Furthermore, HEARTSVG demonstrated good scalability and computational performance (Fig. 2e). HEARTSVG, SPARK-X, and scGCO can scale to datasets with one million cells. HEARTSVG and SPARK-X outperformed other methods noticeably. For simulated data with 1,000,000 cells and 10,000 genes, HEARTSVG demonstrated the fastest performance and small memory usage(13.45 mins and 416 GB), while SPARK-X required 16.43 mins and 344 GB. In contrast, scGCO demanded 21.83 hours and 924.4 GB, and Squidpy necessitated 4.93 days and 367 GB. We also evaluated the scalability using several real spatial transcriptomics datasets. On the mouse hypothalamus data, comprising 1,027,848 cells and 161 genes, HEARTSVG required 1.43 mins and 7.31 GB, scGCO needed a runtime of 112 mins and 14.72 GB, SPARK-X took 0.62 mins and 5.78 GB, and Squidpy took 3.73 mins, and 7.78 GB (Supplementary Fig. S7). Moreover, we attempted to compare the performance of HEARTSVG, scGCO, SPARK-X and Squidpy on simulated data with 2 million cells and 1000 genes. HEARTSVG completed the computation in 4.5 minutes and 82.70 GB, Squidpy took 188.5 minutes and 343.7 GB, while SPARK-X and scGCO failed to scale to the dataset with 2 million cells. On the other hand, SPARK and SpatialDE were limited to sample sizes of 20,000 and 30,000 spots, respectively. SPARK necessitated over 3 hours for a 20,000-spot dataset, and SpatialDE took nearly 4 hours for a 30,000-spot dataset (Fig. 2e).

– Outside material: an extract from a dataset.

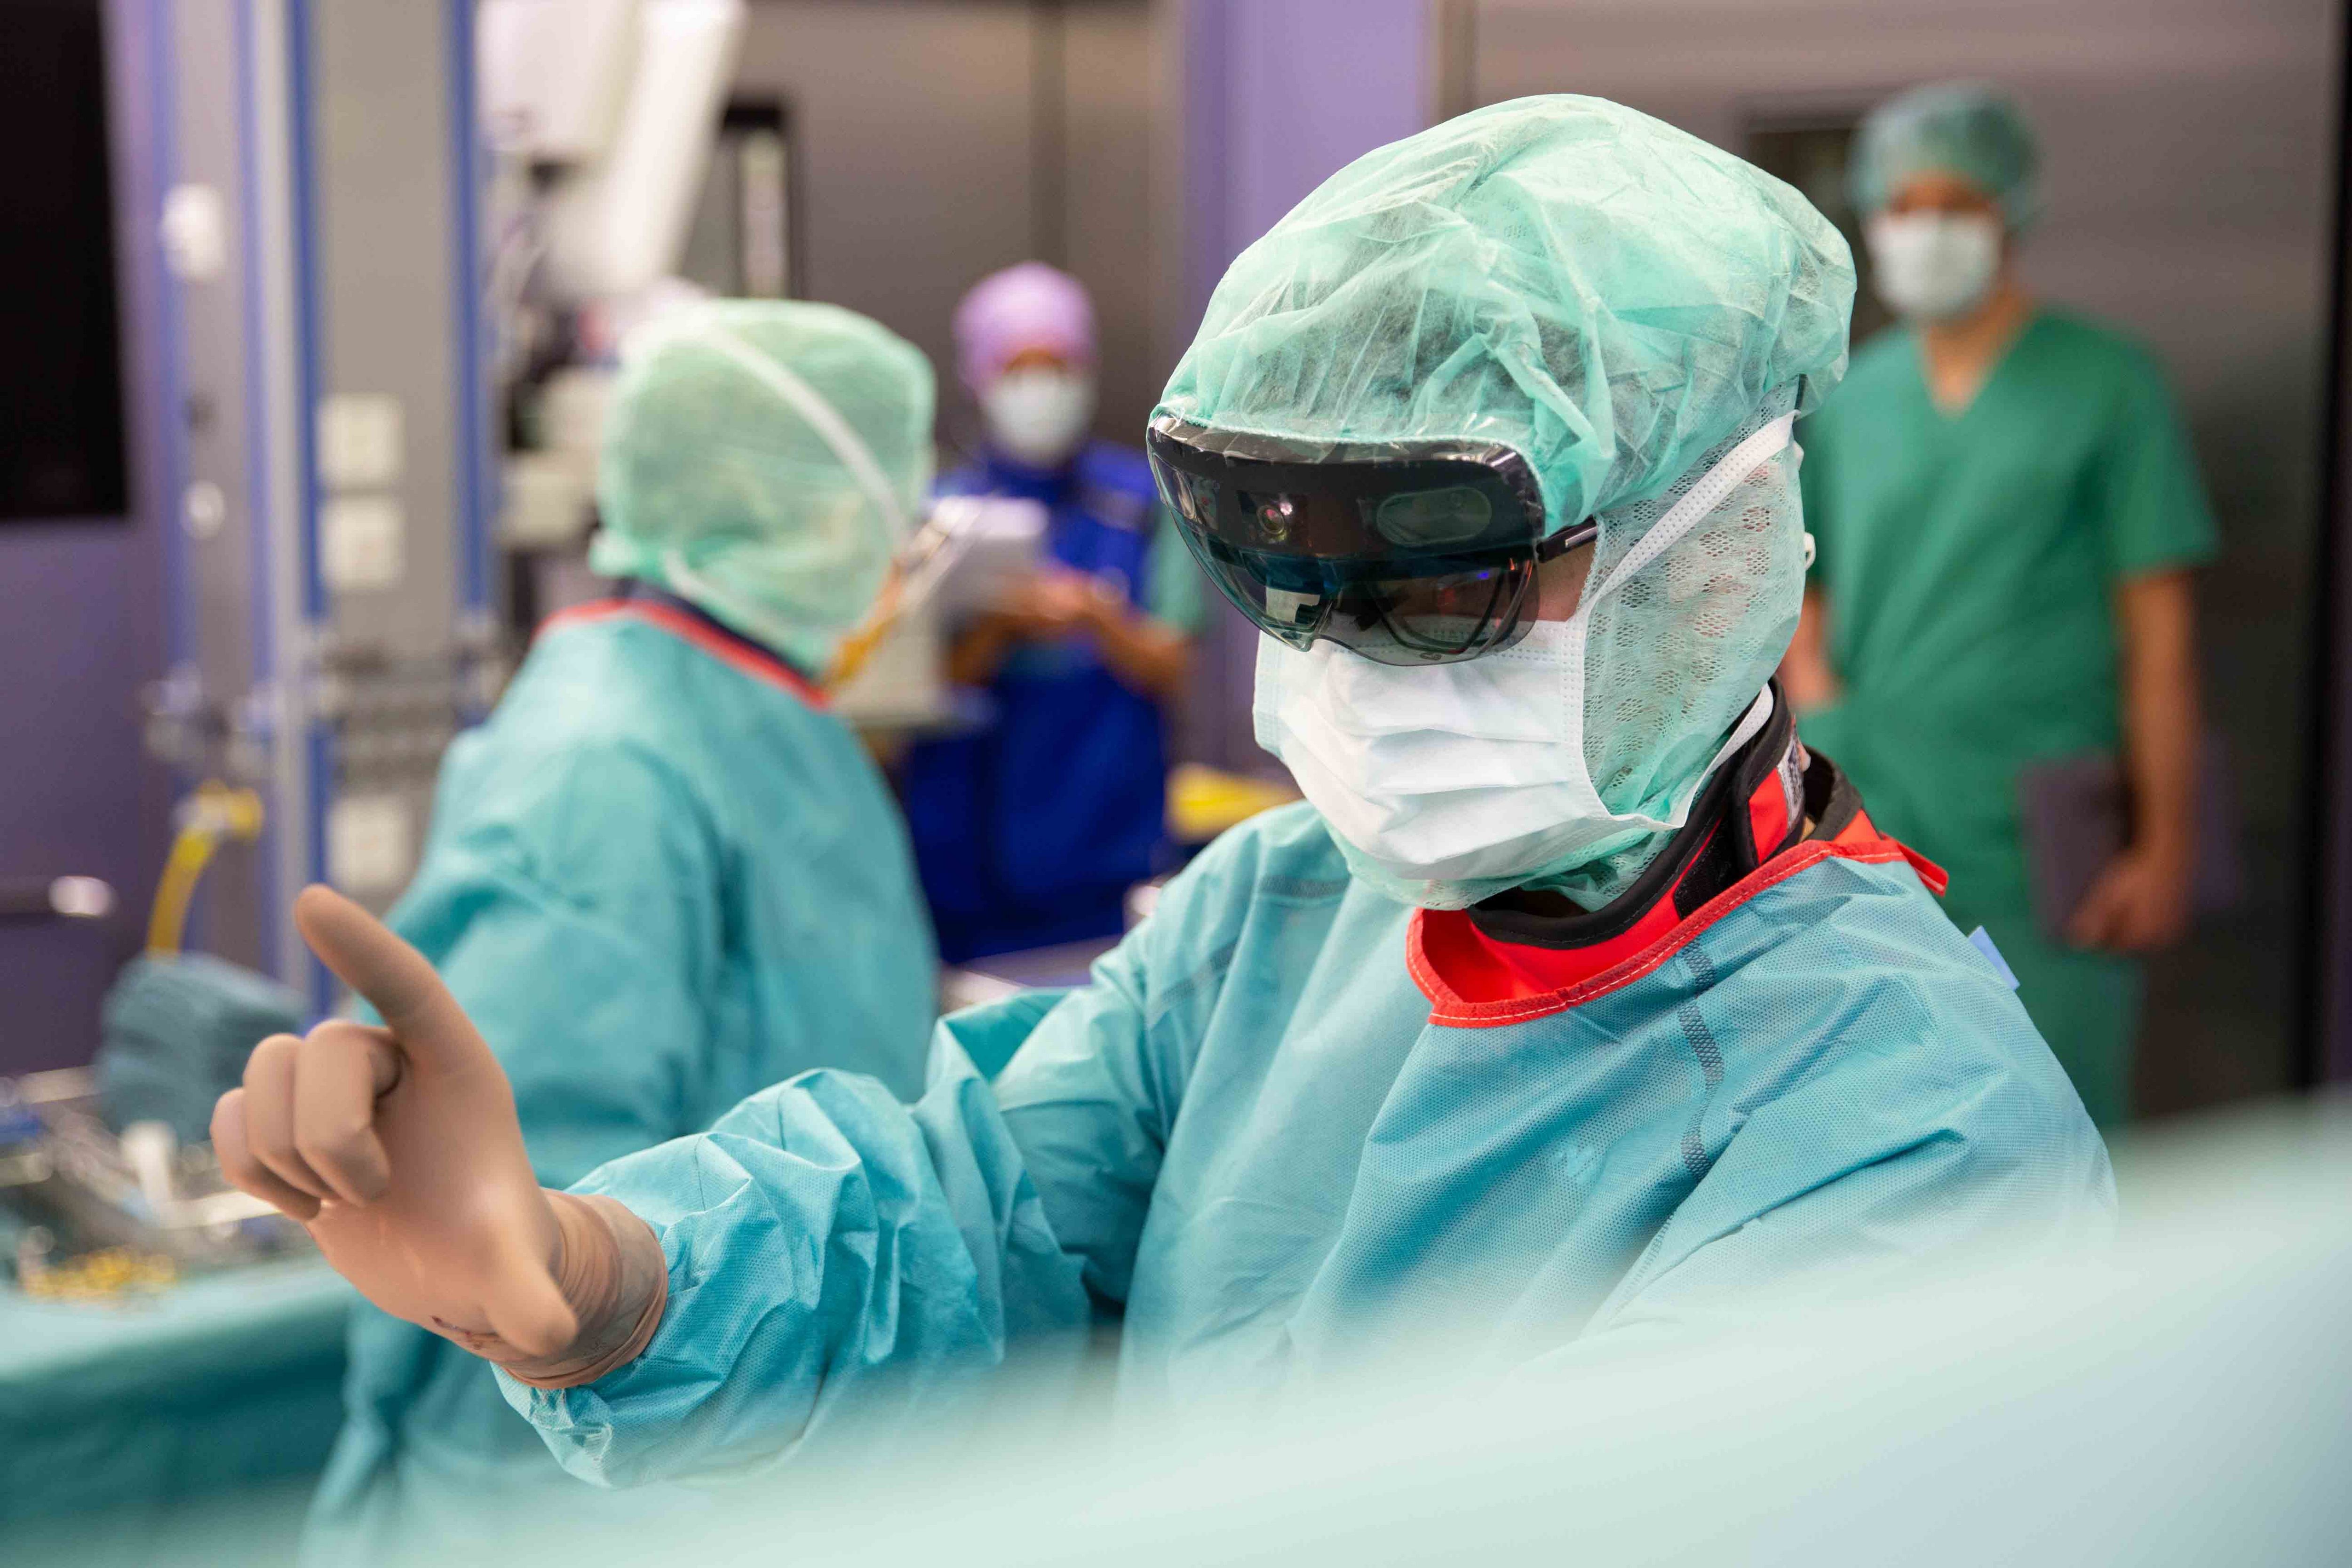 Prof. Farshad in the operating room wearing AR glasses.

Applications to ST datasets from different spatial technologies
Spatial transcriptomic technologies have various sequencing methods and yield different data characteristics. Therefore, in addition to large-scale simulations, we evaluated the accuracy, robustness, and generality of HEARTSVG on several real ST datasets from different ST technologies, comprising three next-generation sequencing (NGS)-based spatial technologies (10X Visium5,24–26, Slide-seqV23 and HDST4), and one imaging-based spatial technology (MERFISH6).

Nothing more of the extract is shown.